Alan Hutton played under Steve Bruce at Aston Villa and he can see the same negative tactics leading to the current problems Newcastle have in creating chances, never mind scoring goals.

Hutton making the incisive point: ‘I think the way Steve Bruce sets his teams up, there is such a big gap between the midfield and the striker. It leaves them isolated, it is difficult and you are asking him to do something spectacular to score a goal. Everywhere Steve Bruce has went he has tried to play this formation…’

The thing is, a simple look at his management career, tells you how Steve Bruce sets his team out and the all but inevitable outcome.

These were the stats of the various recent Newcastle managers up to the end of the 2018/19 season, the stats covering all PL matches they have been in charge of at previous clubs.

Quite amazing then that Steve Bruce promised before the season started that his Newcastle team would play on the ‘front foot’ and always look to attack. Even more amazing that lazy journalists blindly repeated this, without bothering to check what had been the reality of teams where Bruce had previously managed.

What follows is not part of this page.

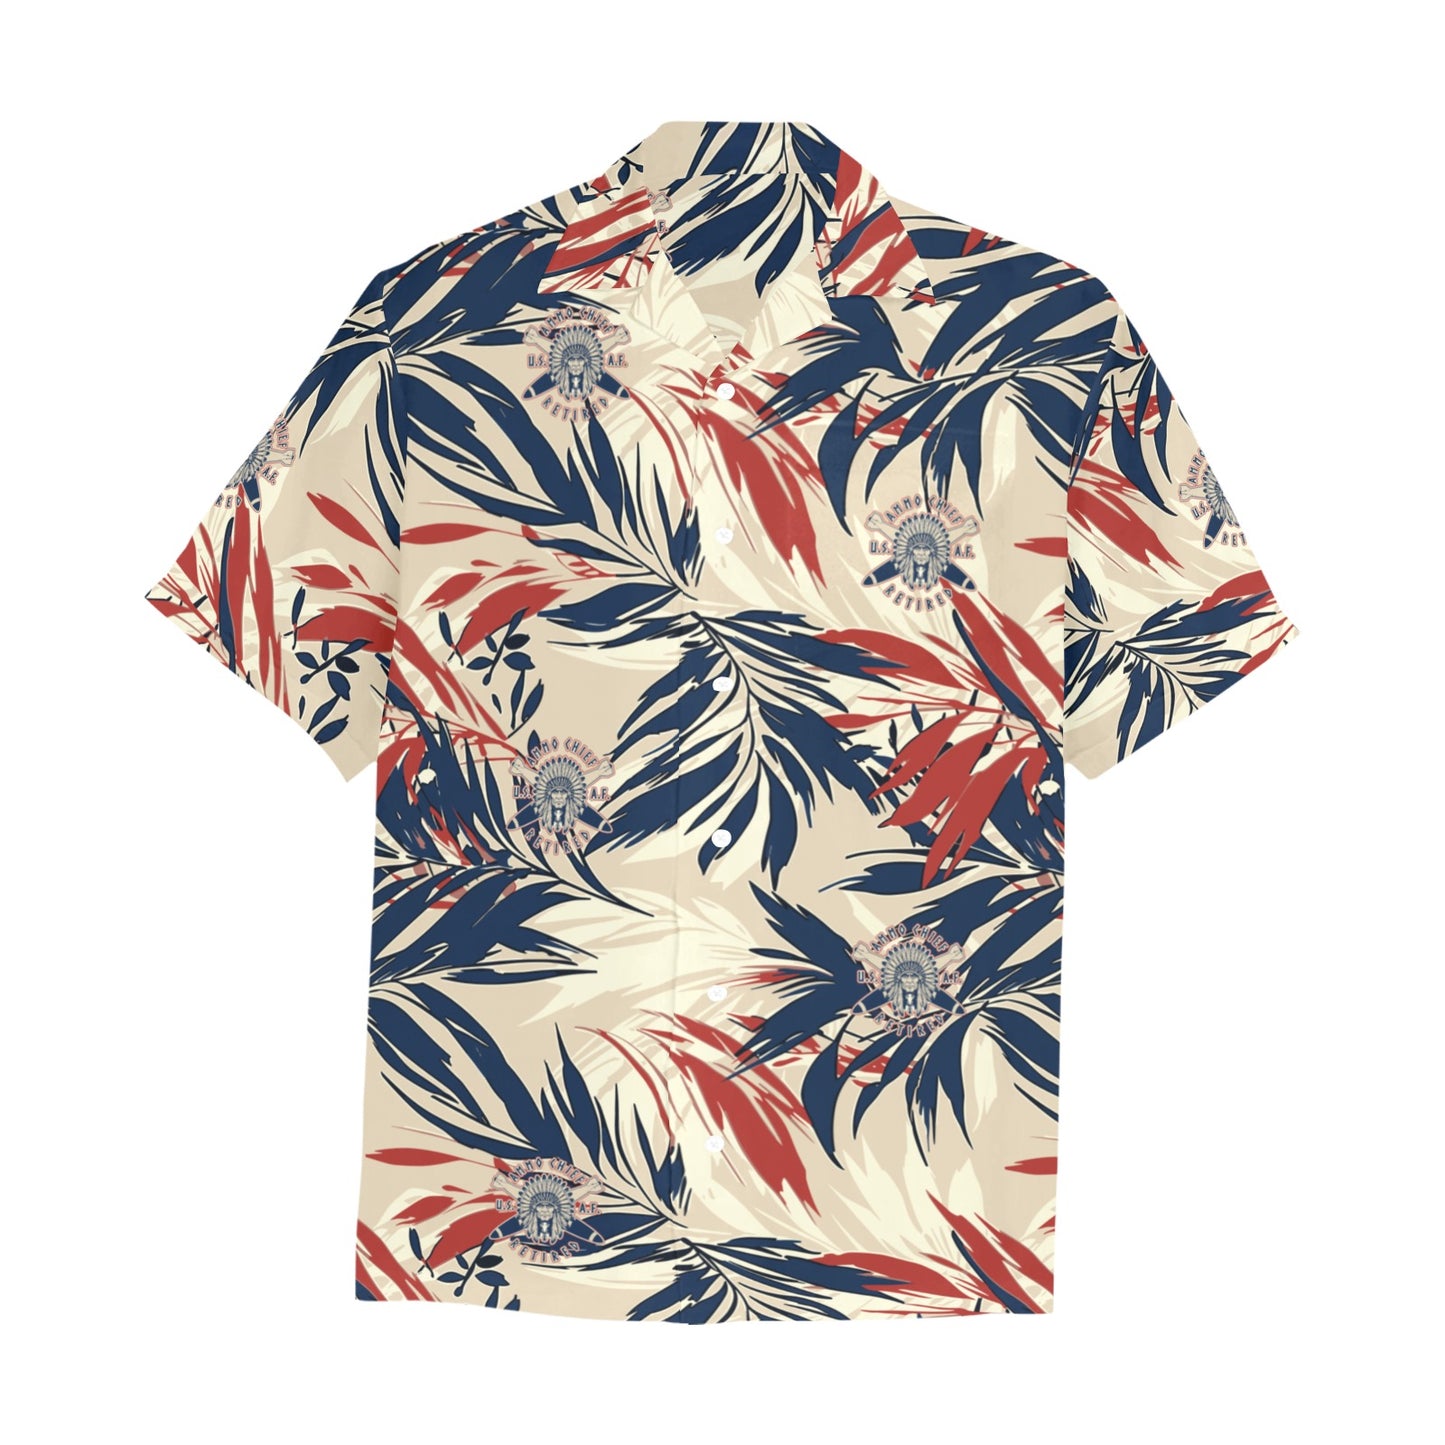 AMMO Chief Retired With Tropical Leaves and Custom Made Retired AMMO Chief Logos Men's Hawaiian Shirt With Left Chest Pocket

As the table above proves, Steve Bruce sets his teams out very negatively and tries to grind out results, exactly as we are now seeing at Newcastle. Defending very deep with ultra negative tactics, hoping for a goal from somewhere, usually a set-piece or Saint-Maximin expected to run the length of the pitch and score or create something.

The table shows that over 392 PL games before taking over at Newcastle, Steve Bruce averaged only 1.03 goals per game, far worse than McClaren, Pardew, Kinnear and even boring Fat Sam. Whilst Bruce is a country mile behind top managers like Keegan and Rafa when it comes to teams scoring goals.

However, Bruce’s negative tactics down the years have paid off, to an extent, as his teams have conceded less goals (1.31) than McClaren, Kinnear, Pardew and even Allardyce.

I think the reality is we are guaranteed two things.

Firstly, Steve Bruce will continue you with his very boring negative tactics.

Secondly, Newcastle will rely mainly on staying up by not conceding goals, not scoring them, unless of course Steve Bruce is replaced.

Far more focus needs to be put on the negatives tactics the Head Coach is refusing to change, rather than lazy journalists singling out individual players to shoulder the main blame.

This is simply a Steve Bruce team playing Steve Bruce football.

Alan Hutton speaking to BBC Radio 5 Live:

“I think the way Steve Bruce sets his teams up, there is such a big gap between the midfield and the striker.

“It leaves them isolated, it is difficult and you are asking him to do something spectacular to score a goal.

“Everywhere Steve Bruce has went he has tried to play this formation…

“When we were at Villa he tried to make us play that formation, it didn’t quite work out and we didn’t get going.

“I find it quite difficult for the striker.

“It is very difficult to play that way.

“I think he has given his main front three a good go at it but it has not quite worked out.

“Maybe it is time to bring one of these [other Newcastle attacking players] in.”